- Theatrical release poster
- Directed by: Sachin Shriram
- Written by: Sachin Shriram
- Produced by: Shriram Mullemwar Leela Mullemwar Sachin Shriram
- Starring: Sandeep Kulkarni; Kishor Kadam;
- Cinematography: Krishna Soren
- Edited by: Mayur Hardas
- Music by: Yash Pagare
- Production company: Divine Touch Productions
- Distributed by: Filmastra Studios
- Release date: 1 September 2023;
- Country: India
- Language: Marathi

= Territory (2023 film) =

Territory Marathi Film

Territory is a 2023 Indian Marathi-language thriller film based on a cannibal tiger in the village Pandharkaoda situated in district Yavatmal, Maharashtra. The film is written and directed by Sachin Shriram, starring Sandeep Kulkarni and Kishor Kadam in the leading roles.

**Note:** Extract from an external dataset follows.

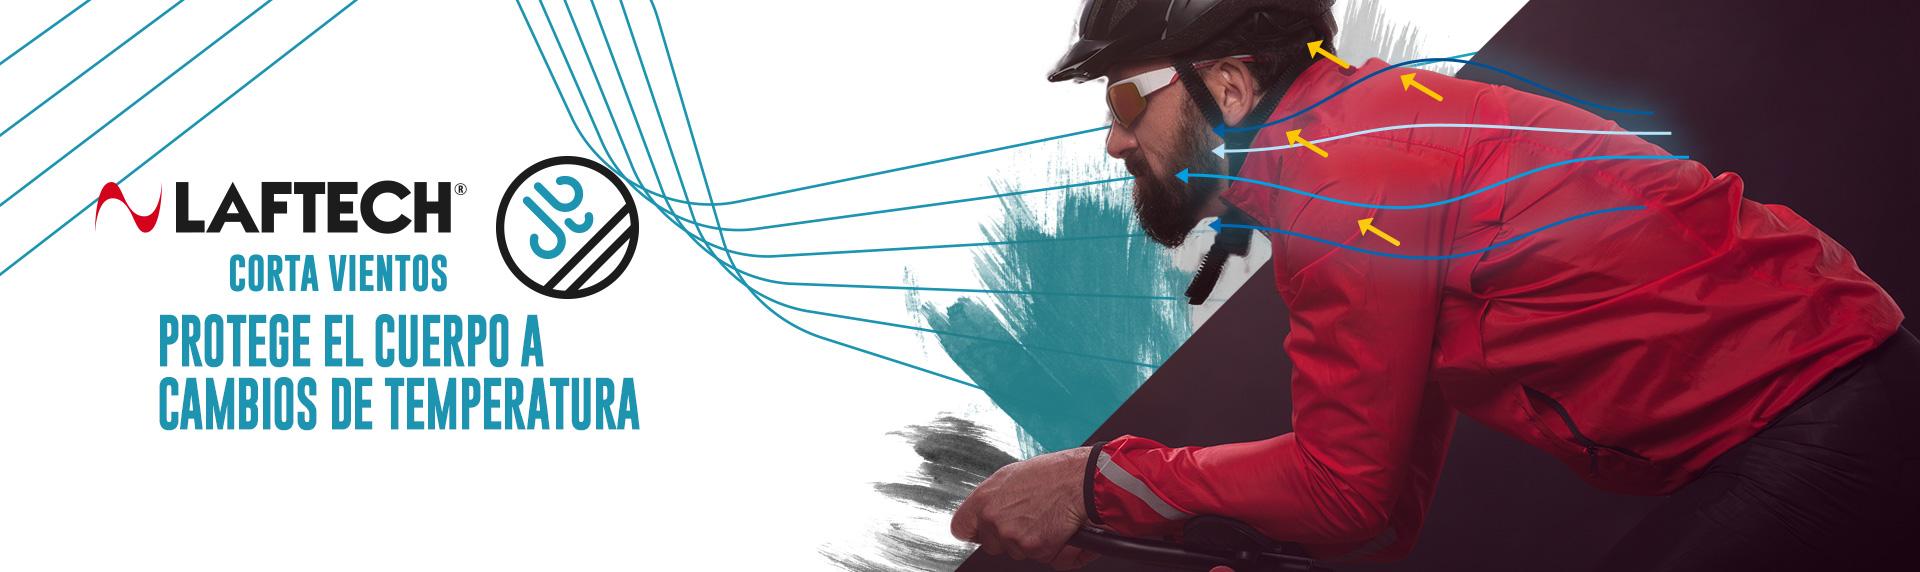 Tecnología-Corta-Vientos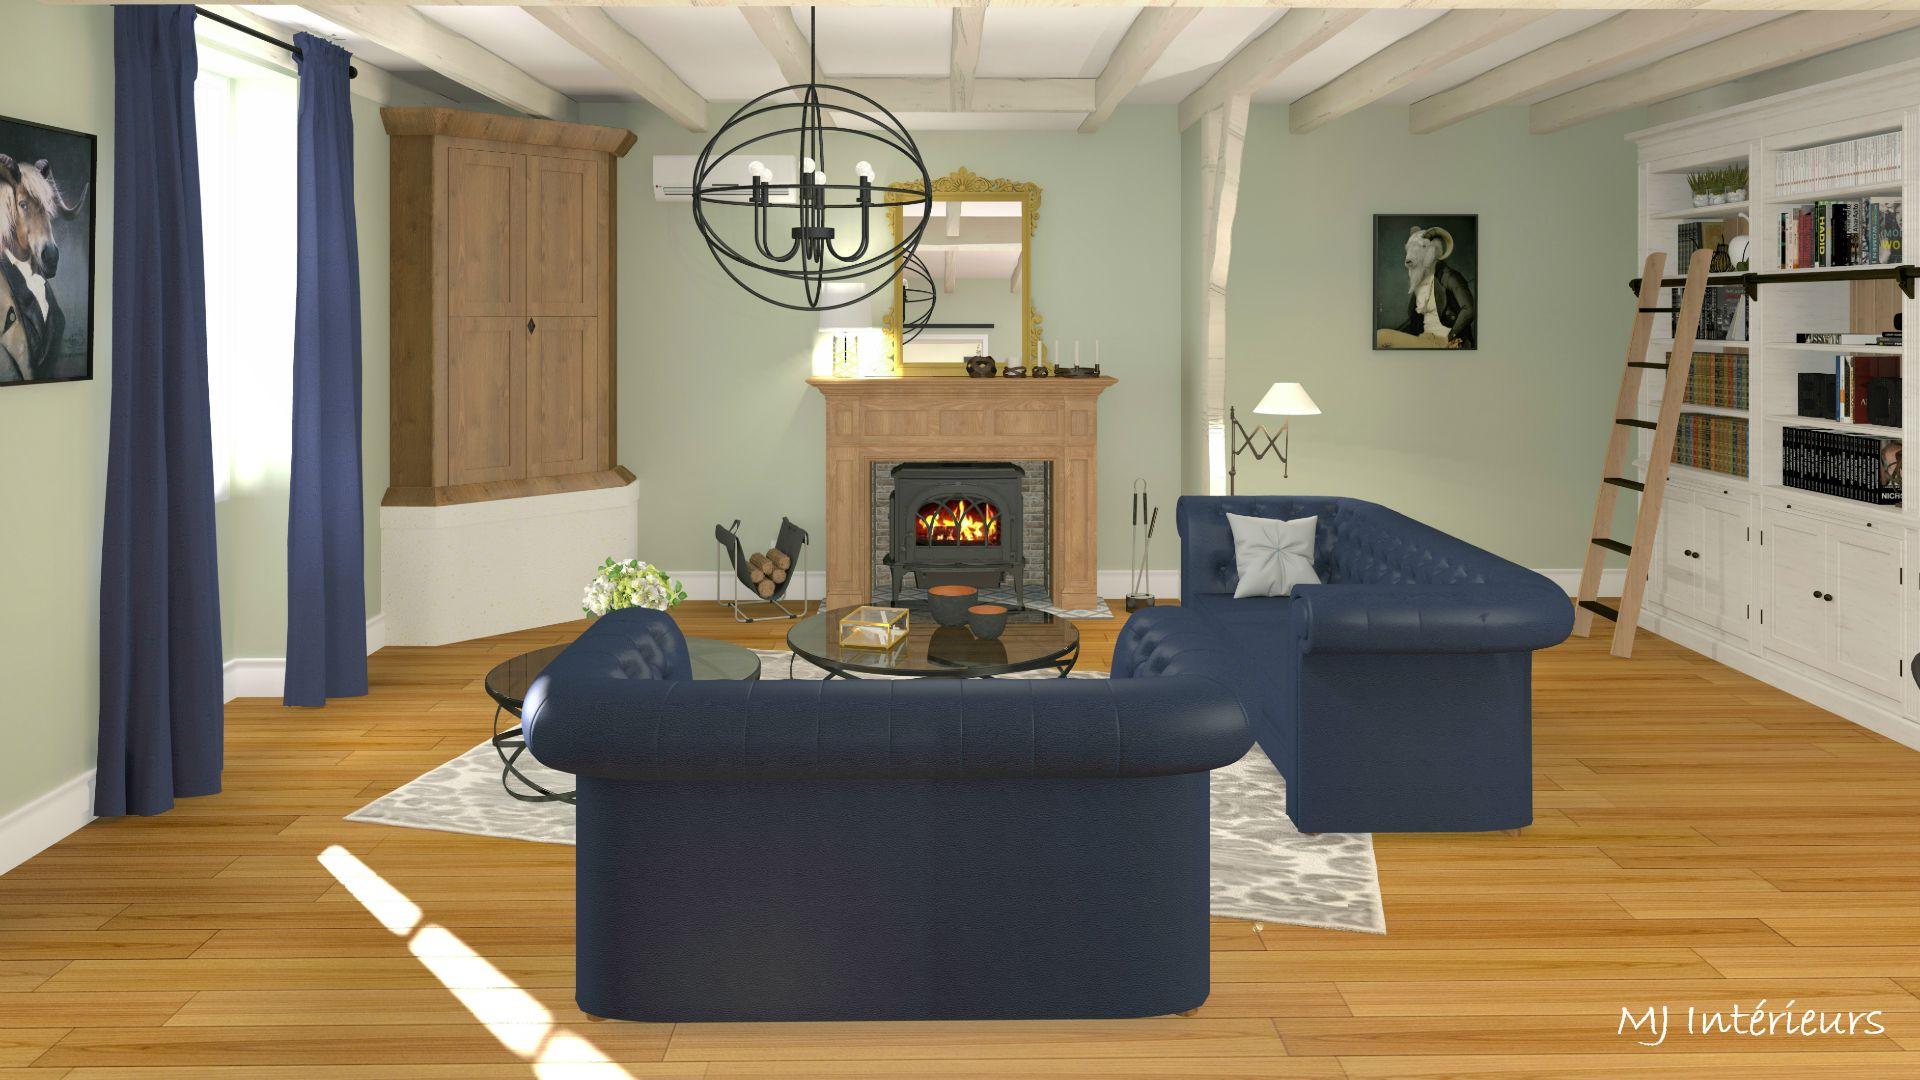 Home Staging Virtuel D Une Maison Charentaise Le Salon Melange Des Styles Classique Campagne Chic Et Desi Decoration Interieure Salle De Sejour Idee Chambre

It was theatrically released on 1 September 2023.

The film was screened in several film festivals like Pune International Film Festival, Kolkata International Film Festival, Gangtok International Film Festival and Cannes Film Market. On the occasion of World Tiger Day film poster was unveiled by Minister of Forests of Maharashtra Sudhir Mungantiwar.